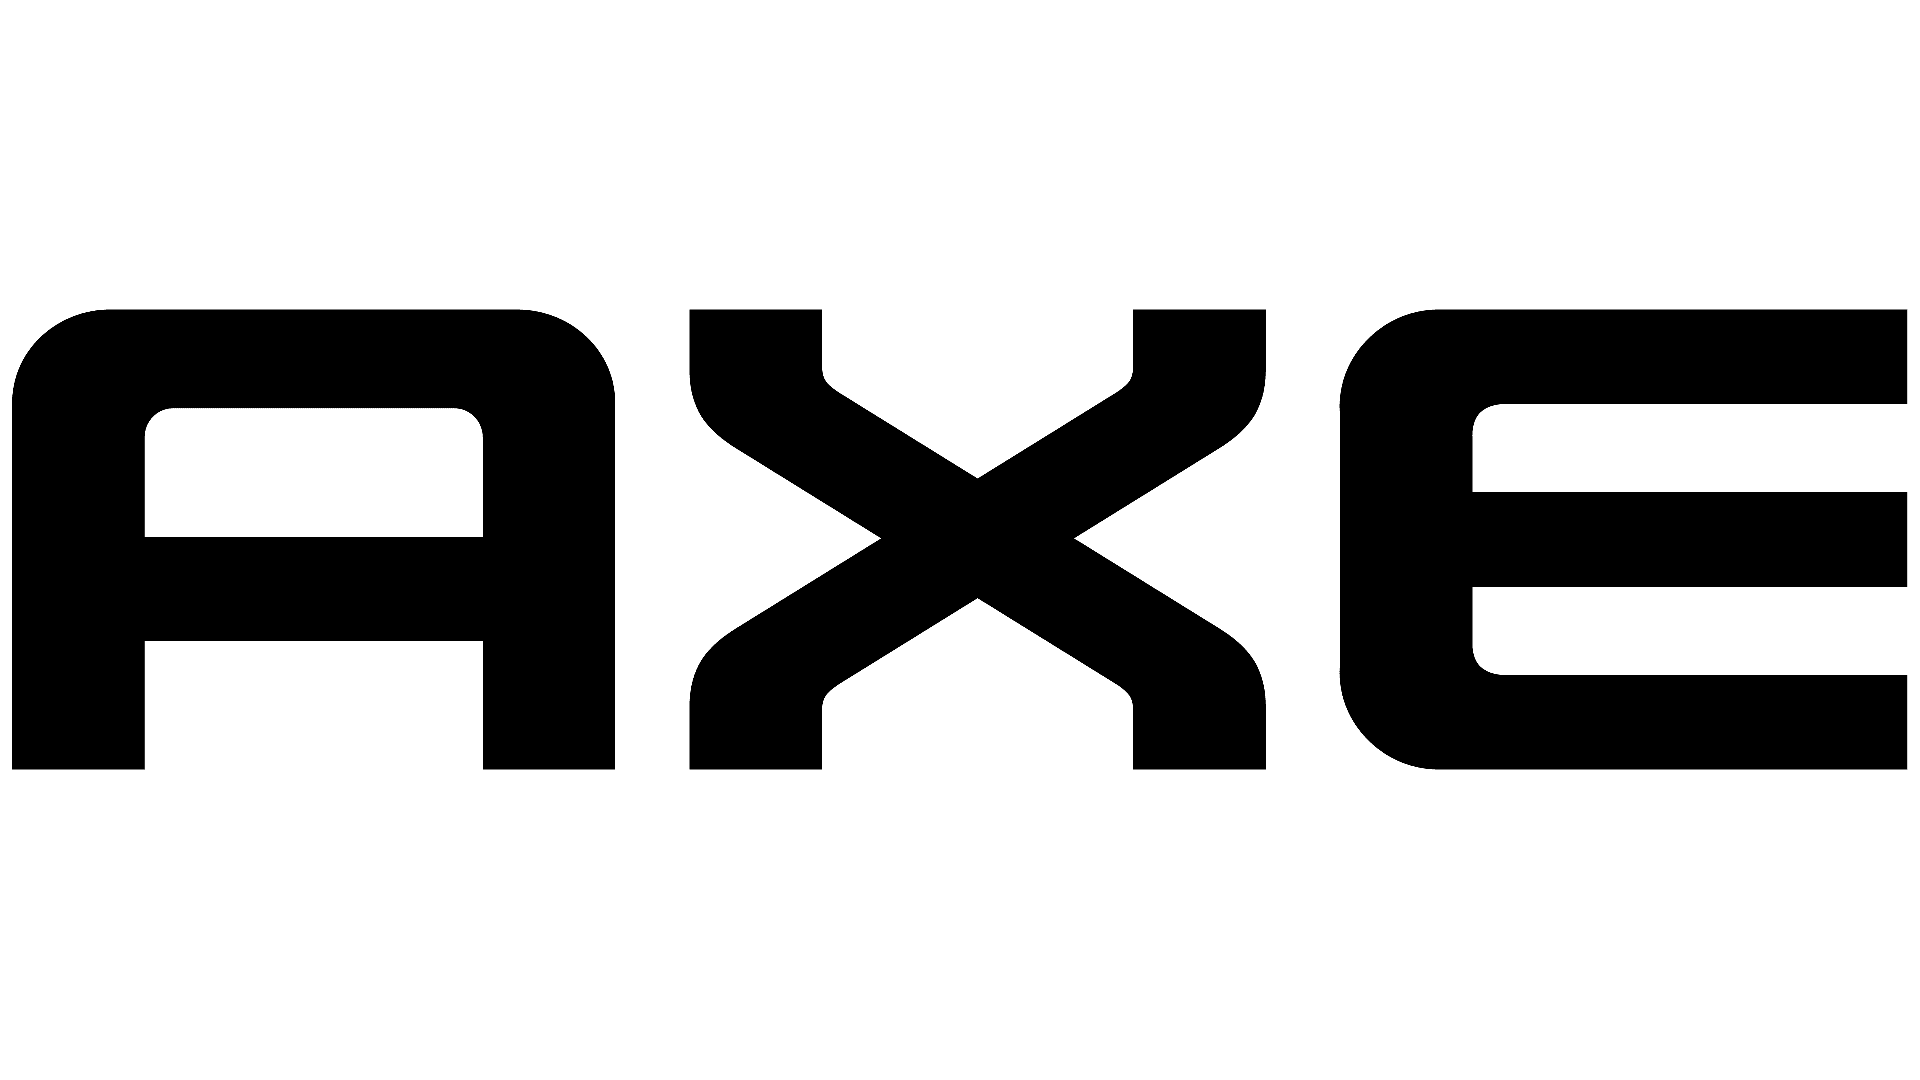 Brand: Axe
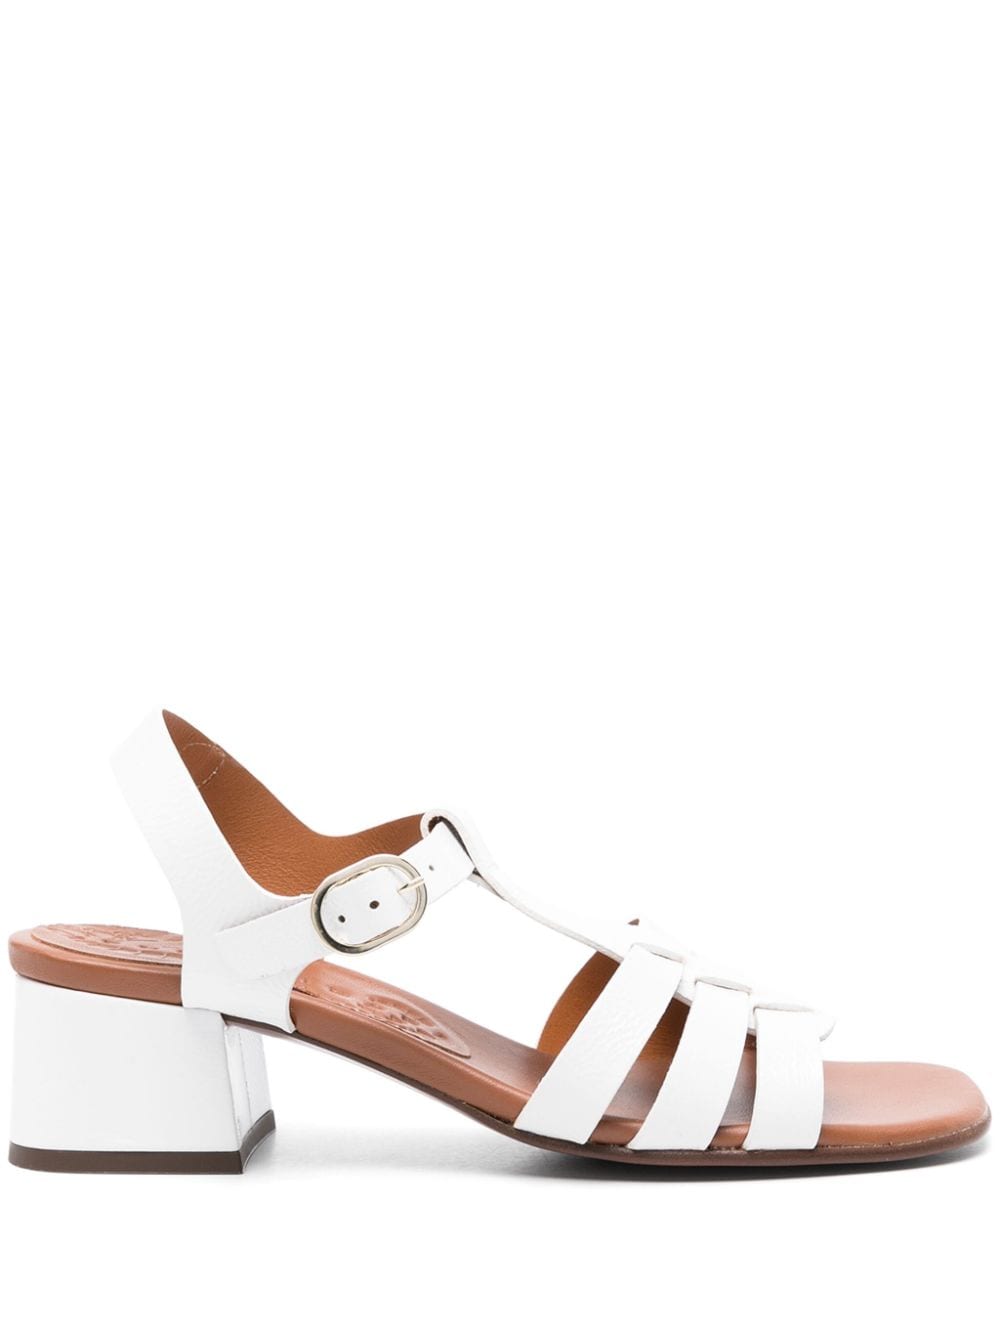 Chie Mihara Quakin 35mm sandals - White von Chie Mihara
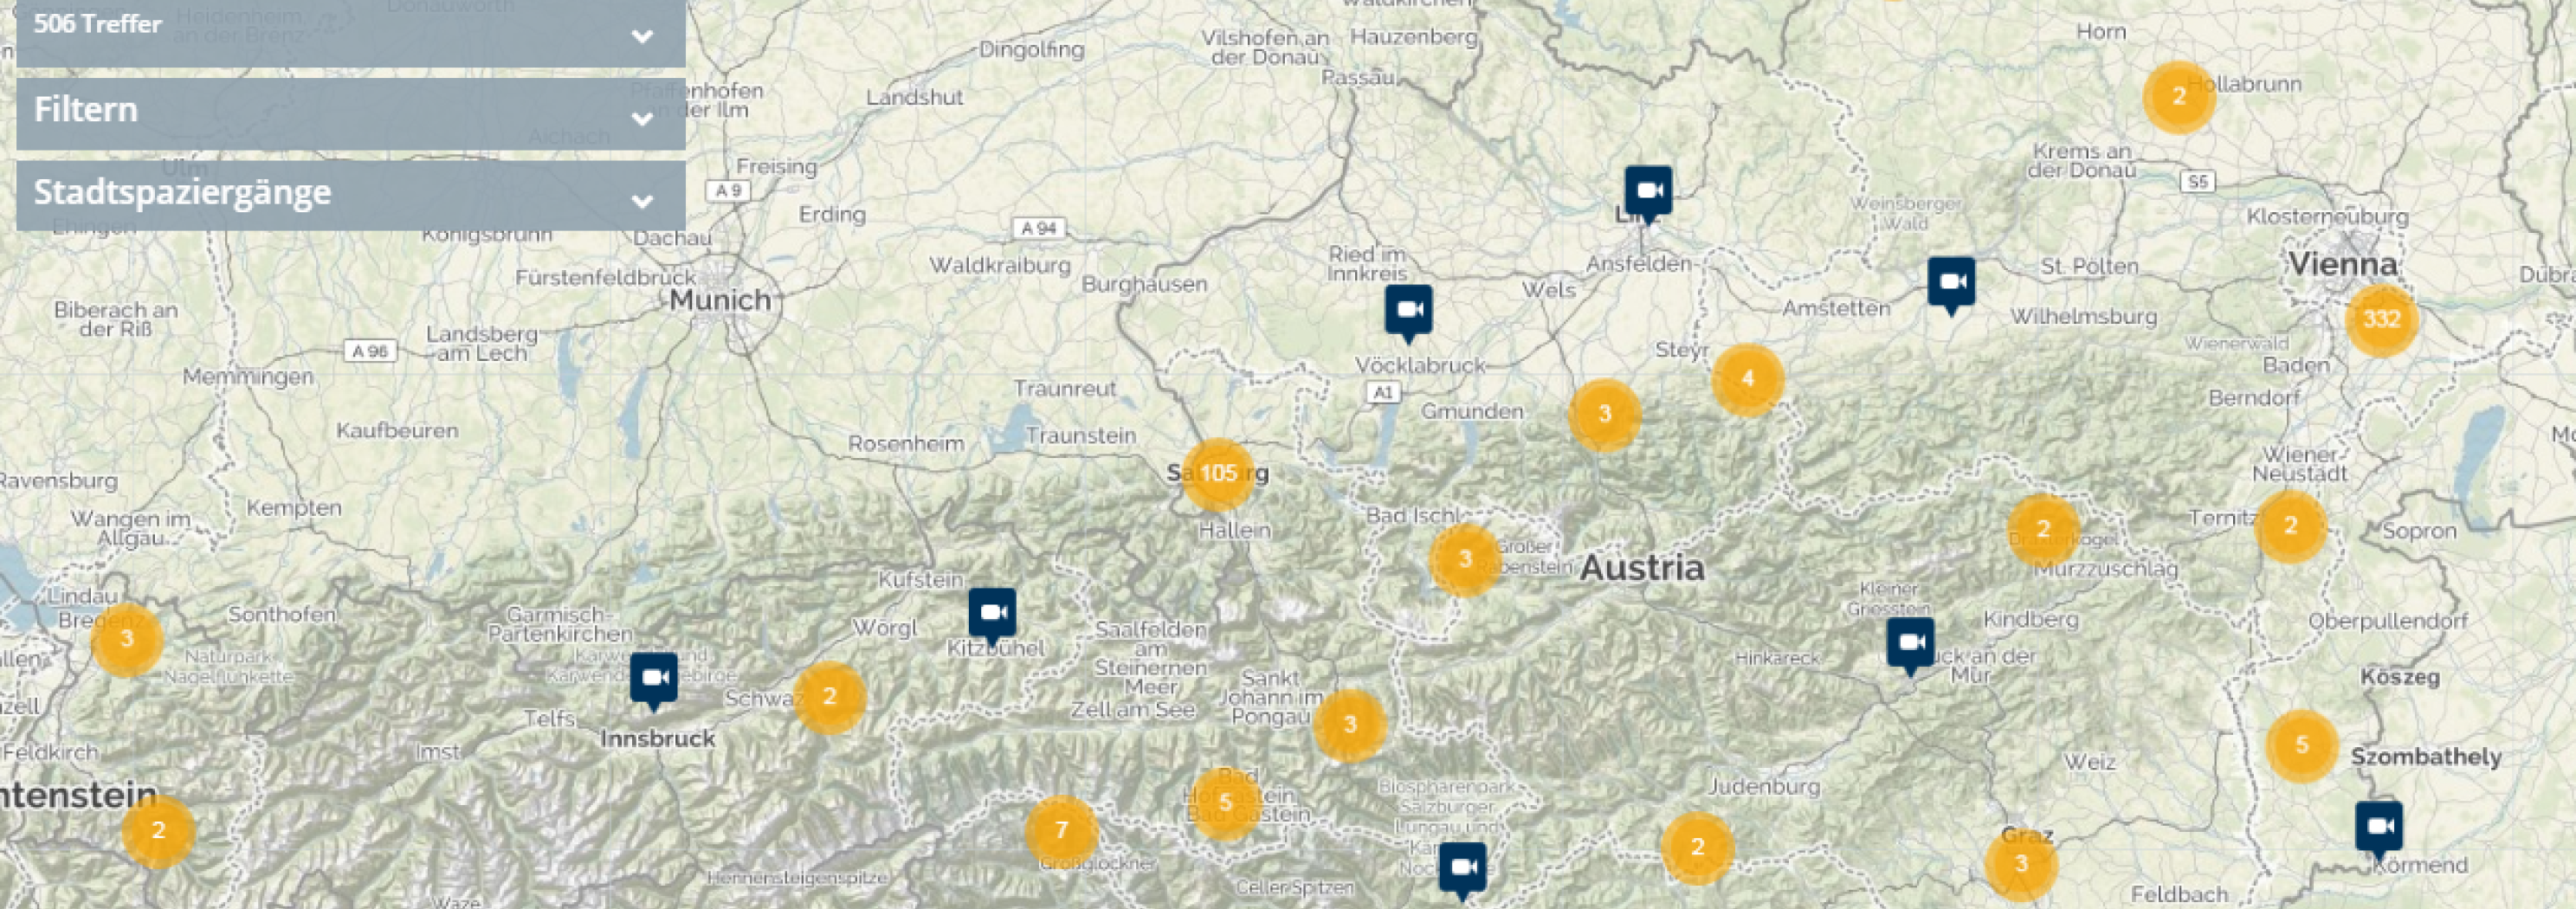 Audiovisueller Atlas Österreichs für Archivaufnahmen

EXERCISE PROMPT: Give back the listing unchanged. Strip out the pictures.

TASK OUTPUT:
 Brand: Axe
 Chie Mihara Quakin 35mm sandals - White von Chie Mihara
 Audiovisueller Atlas Österreichs für Archivaufnahmen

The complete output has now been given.